Before you begin, bevel the inside edges of the doors to 45, purchase a 1-1/2” x 30” continuous hinge, which will most likely have to be cut to the proper length before installing.


Viewer Comments:

Posted By: Michael Alton     [12/30/2003]

The same type of door installation could be done by ripping the width of the door (usually 3/4") off the edge of one door and then butting it into the other door so that the same amount of stile is showing. The hinge could then be place on and this might be an easier cut for some to make than trying to match two bevels up nicely. Thanks, Michael.

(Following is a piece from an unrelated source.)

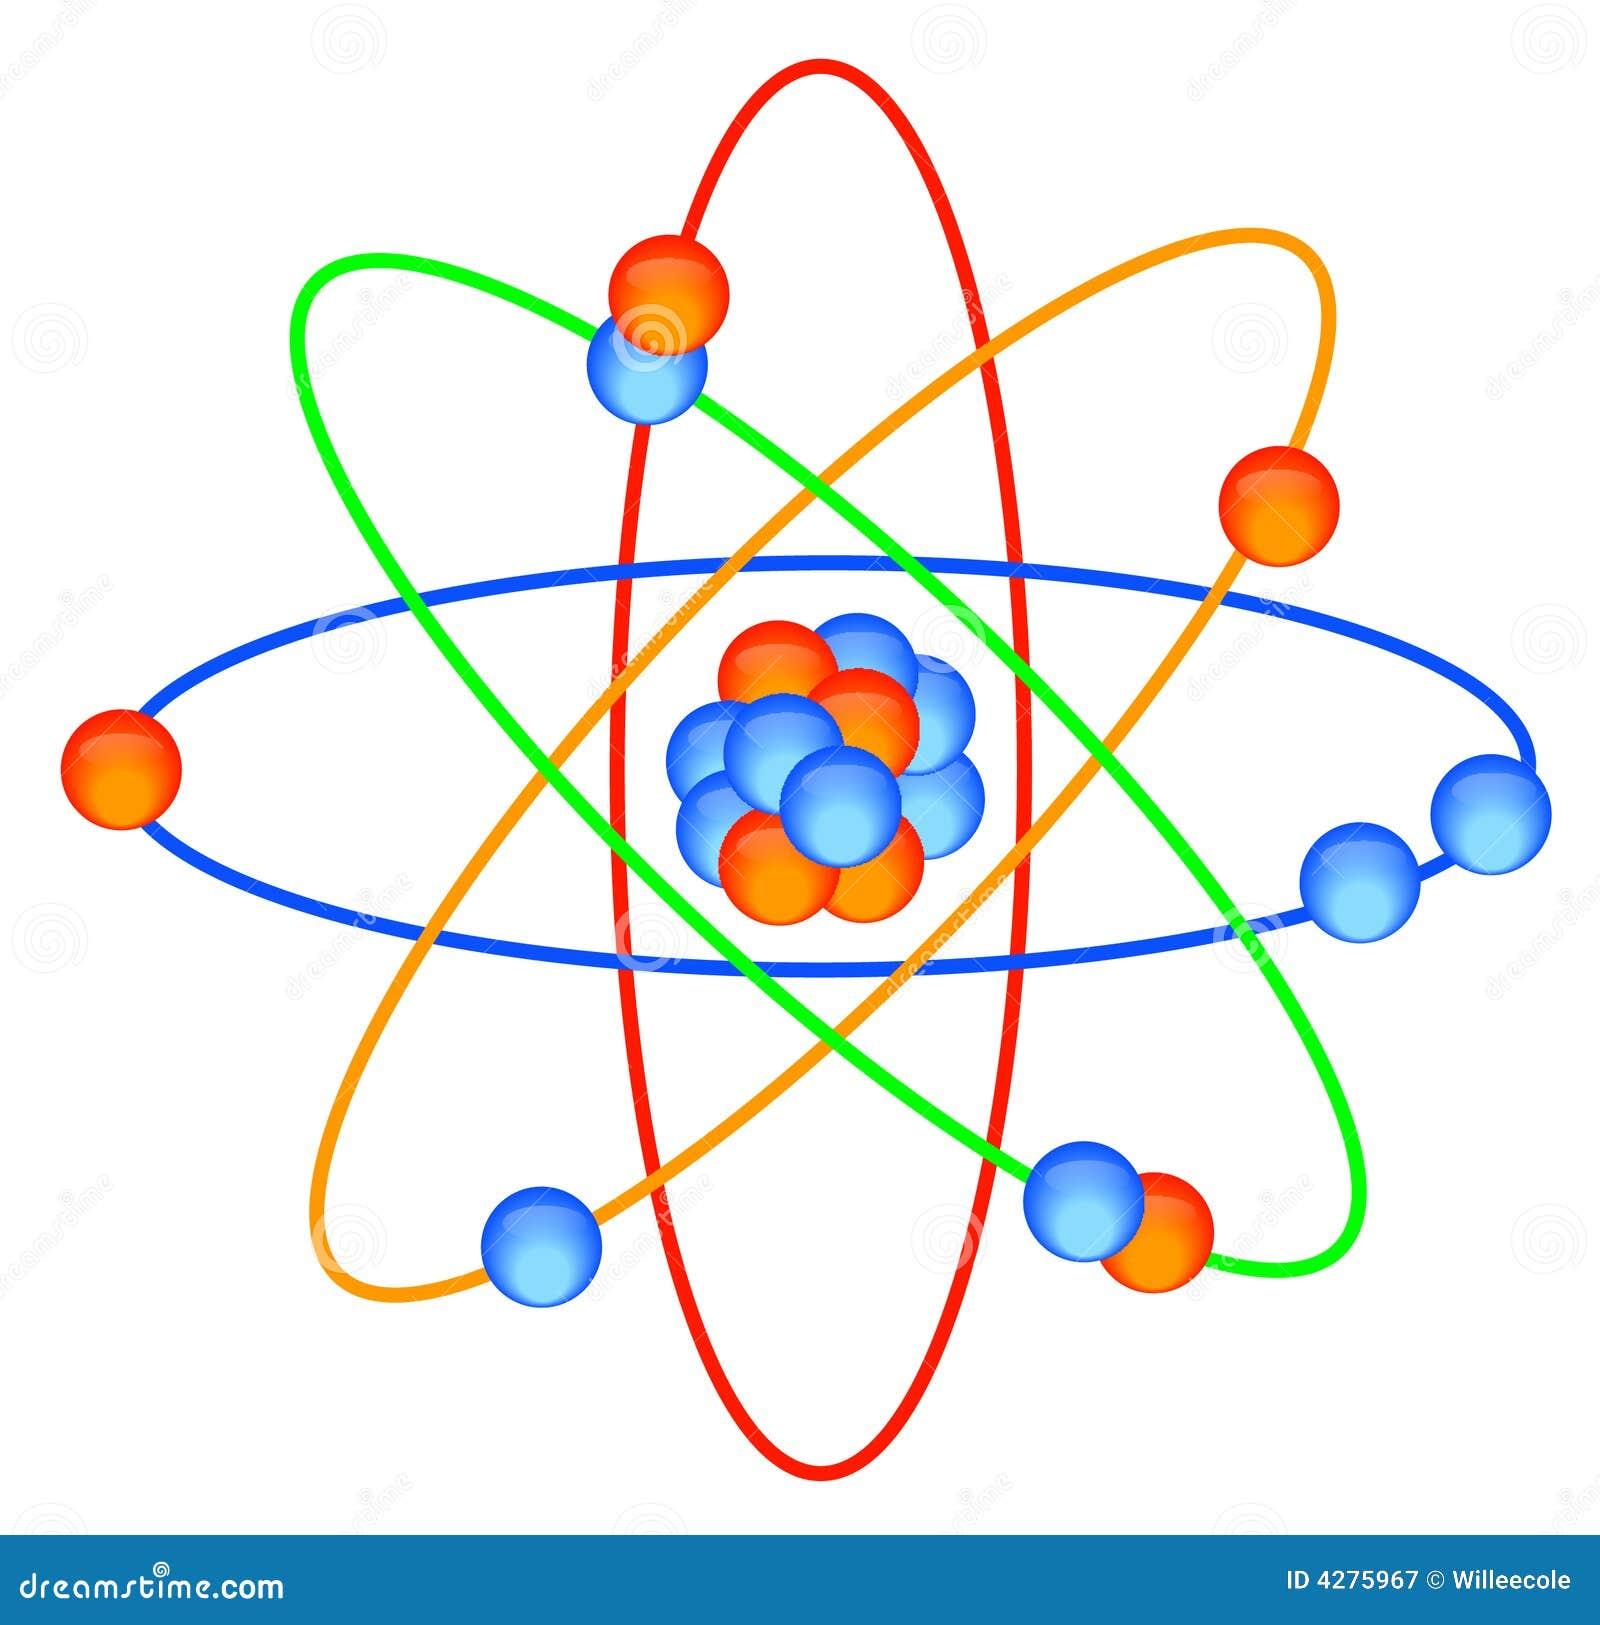 Moleculair atoomnet

Posted By: Dave Erhart     [12/30/2003]

Michael, unless I misunderstood your idea, I have a couple of concerns with that type of door assembly. If you have an outside edge profile on your doors, butting them together will not mate properly at the edge profile. Also, if you butt the doors together, you will have a door that will be rigid at 90 degrees and when opened, the outside half of the door will hit against the adjacent cabinet and significantly limit cabinet access. In an effort to gain access, the customer may well apply heavy pressure on the door joint (with arm or shoulder) and damage or loosen this joint and/or break the door.


Posted By: Moses Yoder     [12/31/2003]

Nice project, with good pointers. One point I have to make, if the L-shaped corner cabinet has an appliance beside the door that protrudes significantly beyond the cabinets, this door will not work; it will hit the appliance as it swings open. I use the hinge on the back as you show when there is nothing in the way of the door opening. If there is an appliance there you can still hinge the door to open by cutting the two doors down 3/4" in width and hinging with the hinge pin at the front where the two doors join, instead of at the back; the right hand door swings open (to the left), (held shut by a magnetic catch) before the left hand door moves.

Posted By: Mick Dugan     [12/31/2003]

Well done Dave. Thanks for sharing.

One small alteration I might employ is to use wider piano hinge to eliminate the possibility of screws coming thru. This will allow you to keep the screws at 90 degrees to the surface as well.

Also, if any screws did project a bit, I think I’d tend to remove them, snip the tips with a pair of wire cutters, and reinstall, in order to avoid the inevitable “shiny spots” filed down screw tips would result in.

Again, nine technique.


Mick Dugan

Posted By: Michael Alton     [12/31/2003]

Dave, I didn't mean that I butt the doors together and attach them in that position. I butt them together and still use a piano hinge just as you did. Sorry I might not have worded it correctly. I also didn't mean to say that your doors don't look nice, I just find it easier to match two straight long cuts that two long bevel cuts. Thanks, Michael.

Posted By: Michael Moore     [12/28/2005]

Has anyone tried this type of an application with inset cabinet doors?